## INPUT DATA

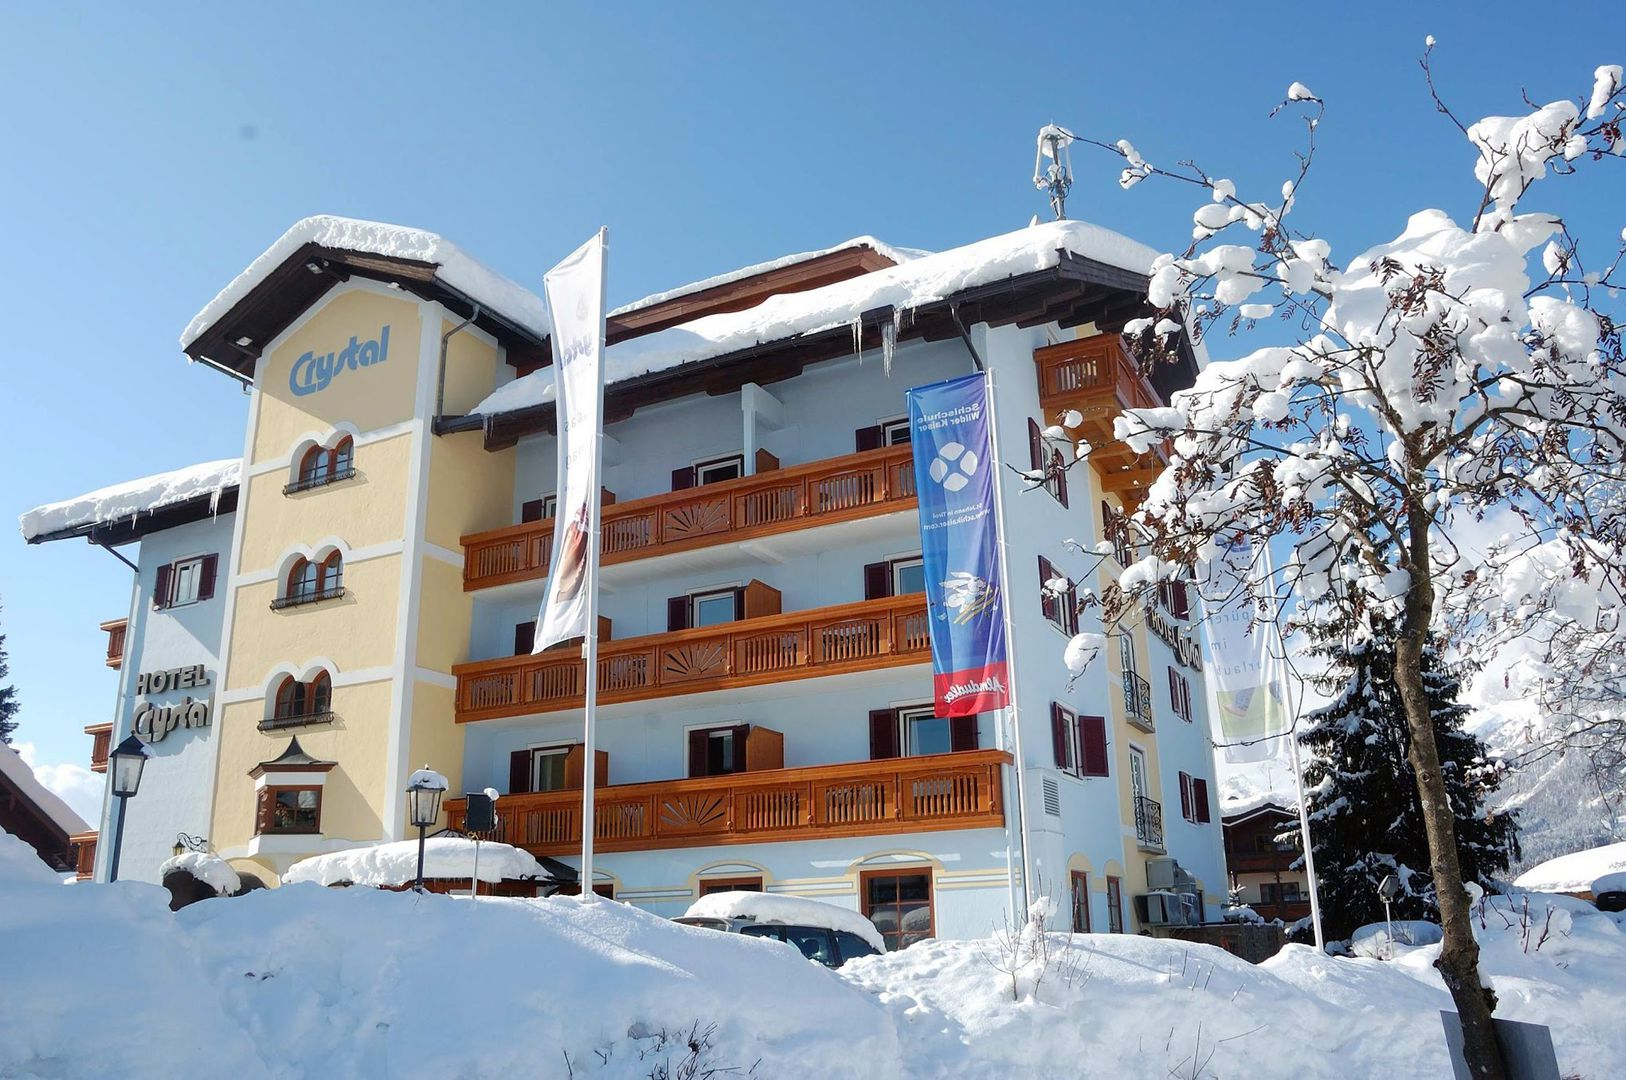 Slide1 - Hotel Crystal Das Alpenrefugium
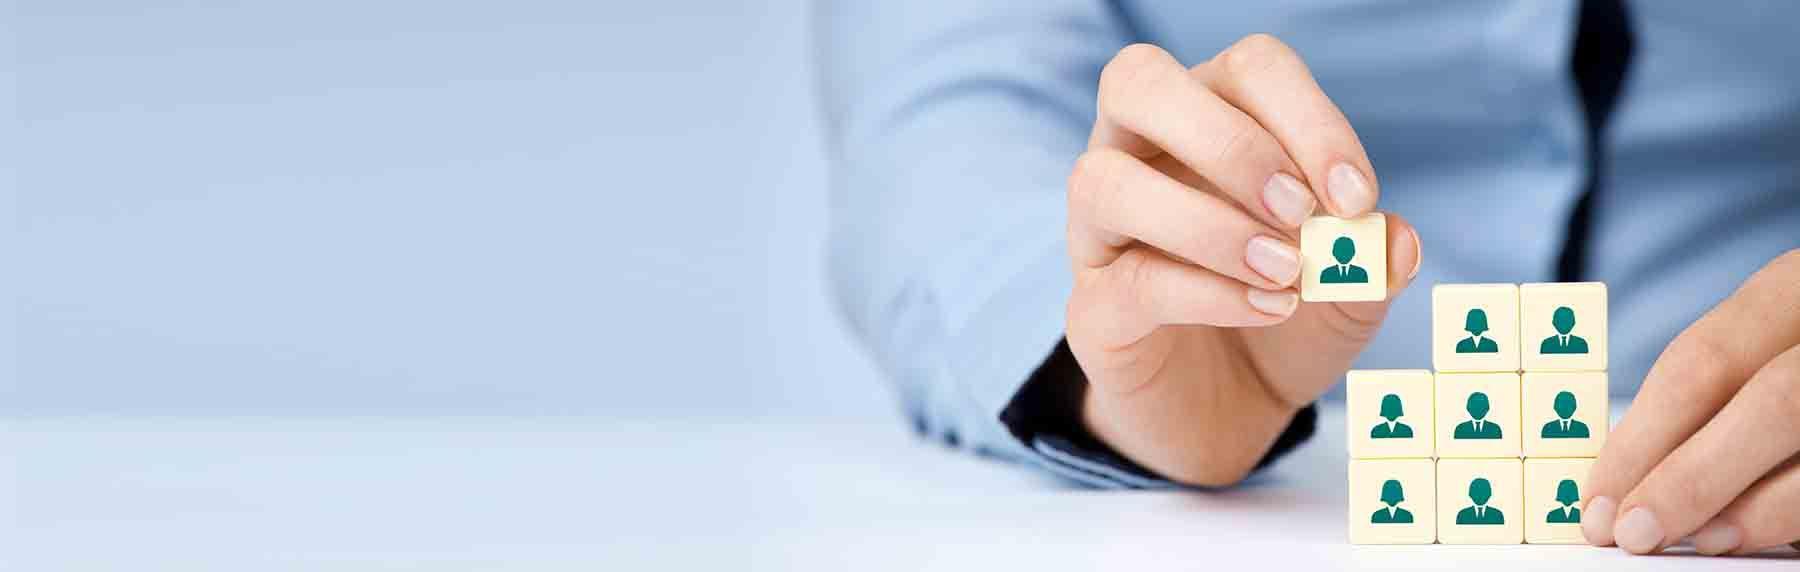 Careers magazine freshers job openings professional
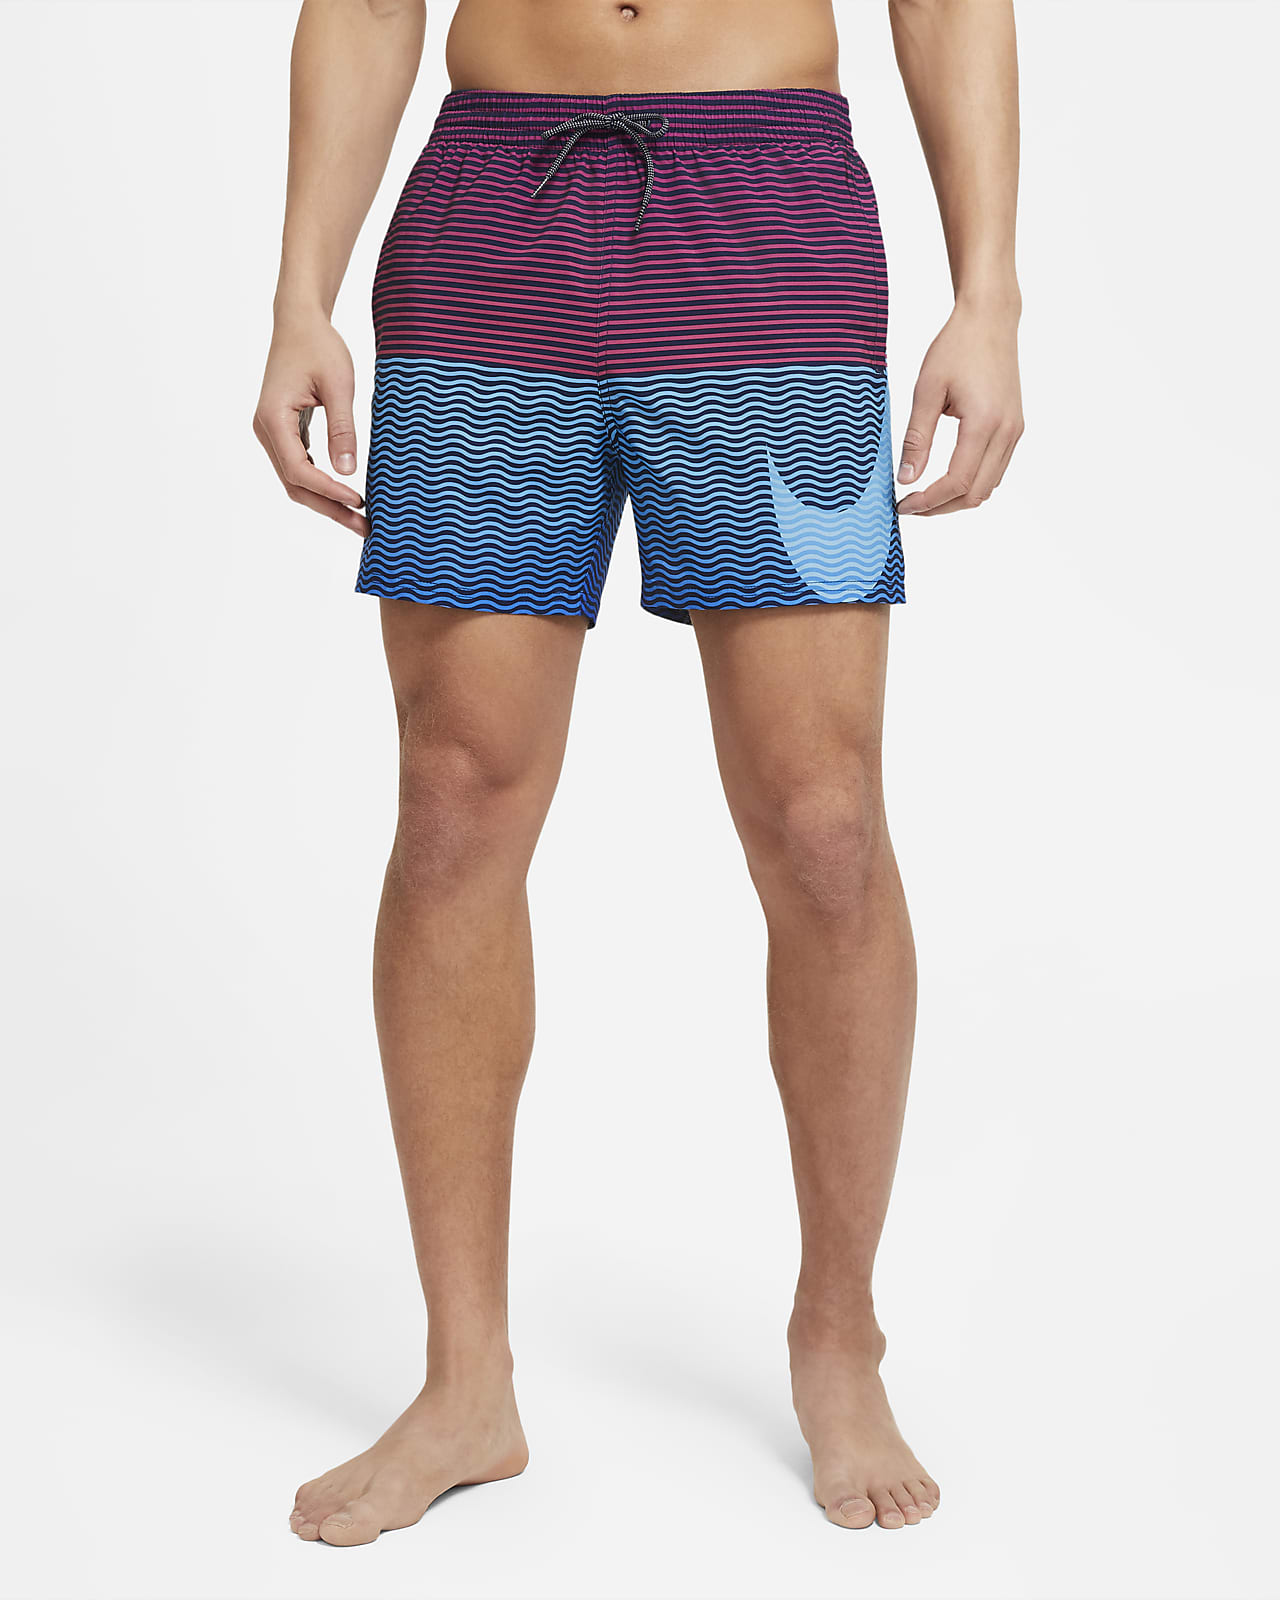 Badshorts Nike Vital 13 cm för män

## AIM OF THE TASK
Output, exactly and without pictures, the span of lines that starts at the line containing "Careers magazine freshers" and ends at the last line above.

## RESULT FOR THIS TASK
 Careers magazine freshers job openings professional
 Badshorts Nike Vital 13 cm för män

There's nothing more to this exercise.